Now it is finished I can think about using it to scrape flat the (milled finish) table of my bench drill that I have also spent hours hand polishing; not really necessary but it has been a few years since I scraped anything flat and it is a satisfying skill that I want to resurrect for myself - am I weird?


----------



## ksor (Nov 22, 2011)

Oh, it sounds like a hard job is in front of me !

Thx for the answers


----------



## Mainer (Jan 1, 2012)

Do the degrease routine first, if there is dried-on crud. When/if you're down to bare metal, a Scotchbrite pad and kerosene or a very light oil does a good job removing rust.


----------



## ShedBoy (Jan 5, 2012)

I have just done this job myself. I was removing my old shed so I decided to use the concrete slab as a sacrificial cleaning surface. Armed myself with kero, petrol, scourers, scrubbing brushes, paint brushes, toothbrushes, rags and old clothes. Took about 20 hours all up, made a huge mess of the concrete but it was worth seeing my machine in colour instead of brown, swarfy, goopy mess. One thing I did learn is I am never going to let it get that bad again.

Brock


----------



## ksor (Jan 6, 2012)

->ShedBoy

Any chance you have some picture before and after ?


----------



## ShedBoy (Jan 6, 2012)

The first 2 pics are of the day I got it home, it had been neglected for a while.









This is it going into storage in my next door neighbours shed after I had cleaned it. The head was removed once that was cleaned to take alot of weight of it. Fleece insisted that him and his digger got in the pic.




Still lifted the back of the digger when going backwards. Well worth cleaning it but it made a big stain on the slab from the oily kero.
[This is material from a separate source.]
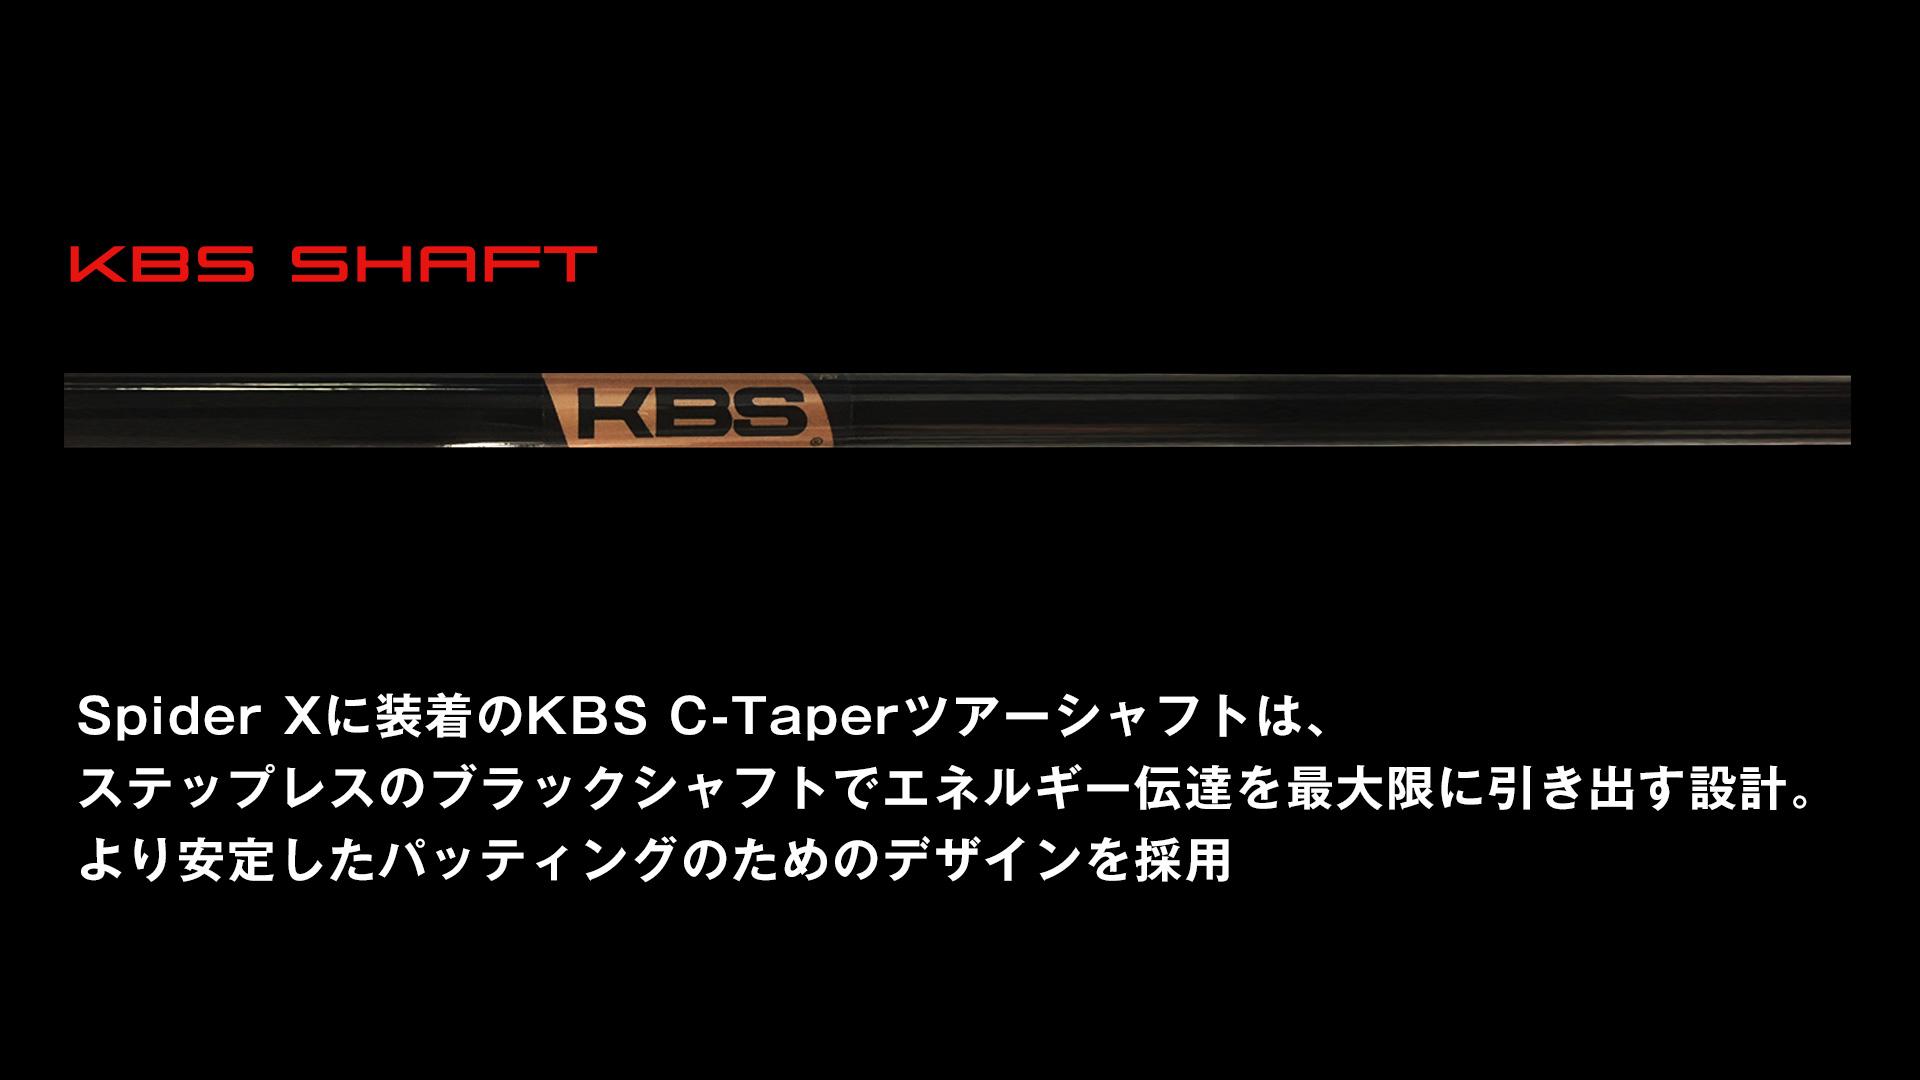 KBS C-Taperツアーシャフト

I did mix some Kenco degreaser in with the kero as well to move the really stuborn guck.
Brock


----------



## ksor (Jan 6, 2012)

Wav - nice to see !

The "before"-color is just like mine !

Do you have some "close-up"s of the "after"-color ?


----------



## ShedBoy (Jan 6, 2012)

Not yet, I can take some when I get home from work on Monday night. I have the head on a trolley in my carport so that won't be too hard to organise. Will post on Tuesday.
Brock


----------